11. Arbitration, Governing Law. Any controversy or claim arising out of or relating to this Agreement, or the breach thereof, shall be settled by arbitration administered by the American Arbitration Association in accordance with its Commercial Arbitration Rules. The laws of the State of North Carolina shall be applied in any arbitration proceedings, without regard to principles of conflict of laws. The arbitration hearing shall take place in Mecklenburg County, North Carolina before a single arbitrator. Judgment on the award rendered by the arbitrator may be entered in any court having jurisdiction thereof.
12. No Assignment. Neither this Agreement nor any rights or obligations hereunder shall be assigned by either Party without the prior written consent of the non-assigning Party.
13. Entire Agreement. This Agreement constitutes the entire agreement of the Parties with respect to the matters contained herein, and supersedes any and all other discussions, statements and understandings regarding such matters. This Agreement shall be amended only upon the execution of a written agreement by both Parties hereto. Any attempt to amend or modify this Agreement in any manner other than by written instrument executed by the Parties shall be void.

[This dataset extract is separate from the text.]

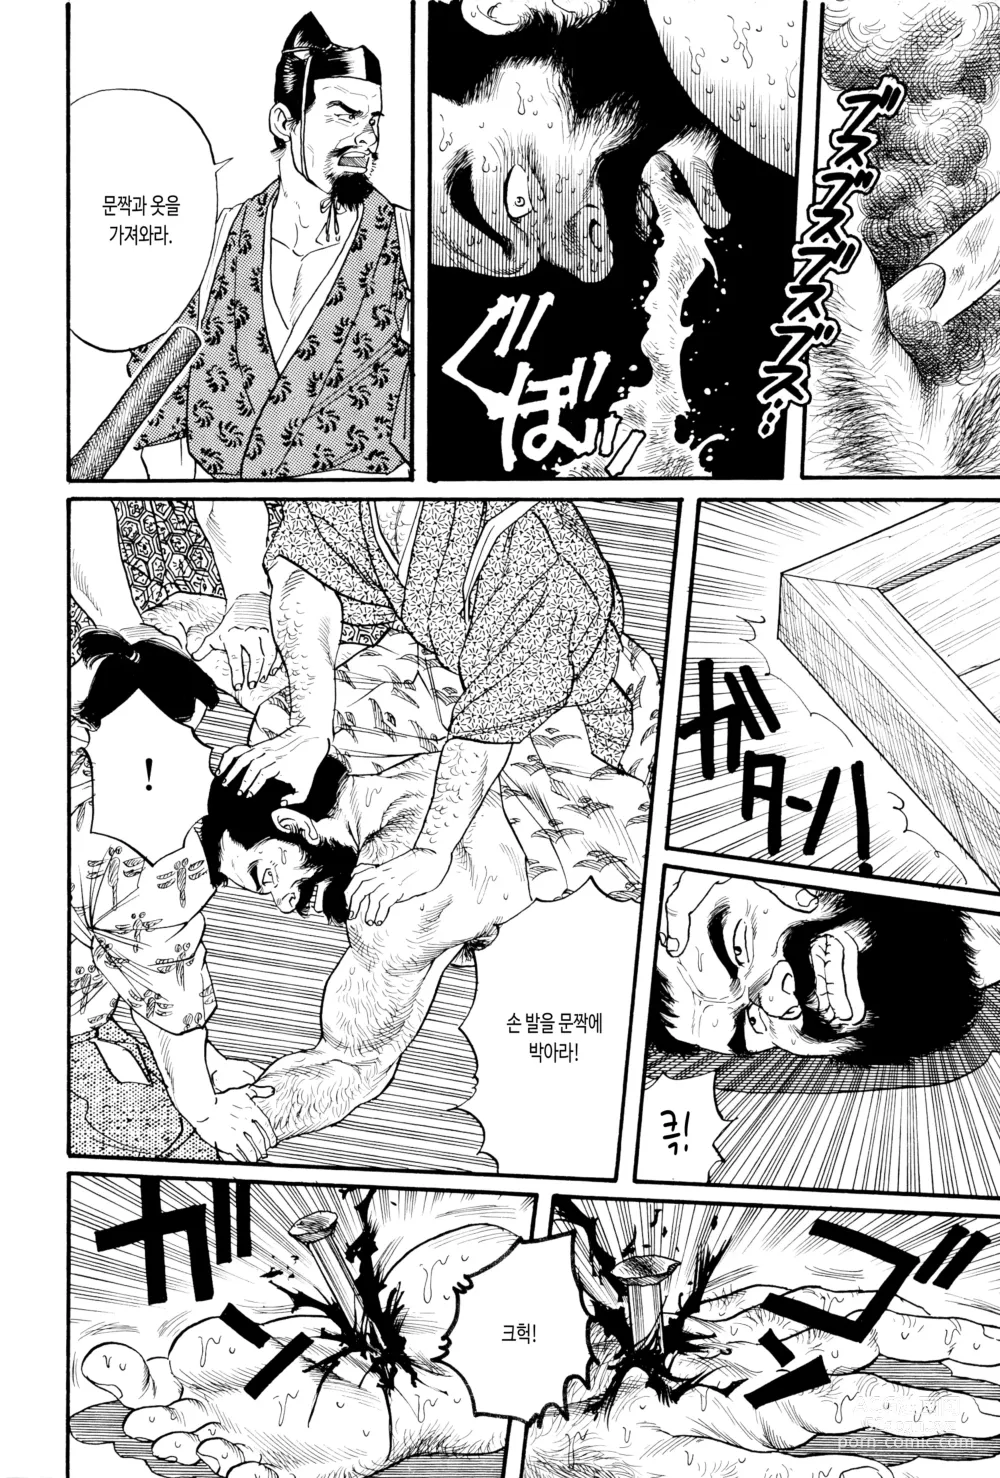 Page 20 of manga 코로모가와 이야기

14. No Third Party Beneficiaries. Nothing express or implied in this Agreement is intended to confer, nor shall anything herein confer, upon any person other than the Parties and the respective successors or permitted assigns of the Parties, any rights, remedies, obligations, or liabilities whatsoever.
15. Miscellaneous.
(a) If any provision of this Agreement is held to be invalid, void, or unenforceable, the remaining provisions will nevertheless continue in full force without being impaired or invalidated in any way.
(b) Each Party to this Agreement acknowledges that no representations, inducements, promises or agreements, orally or otherwise, have been made by either Party, or anyone acting on behalf of either Party, which are not embodied herein, and that no other arrangement, statement or promise not contained in this Agreement shall be valid or binding.
(c) This Agreement may be executed in counterparts, each of which will be deemed an original, and all of which together will constitute one and the same instrument. Delivery of an executed counterpart may be by electronic transmission and any such counterpart shall be deemed a written and signed original for all purposes.
(d) In addition to those remedies provided for herein, both Parties shall have available all remedies provided by law.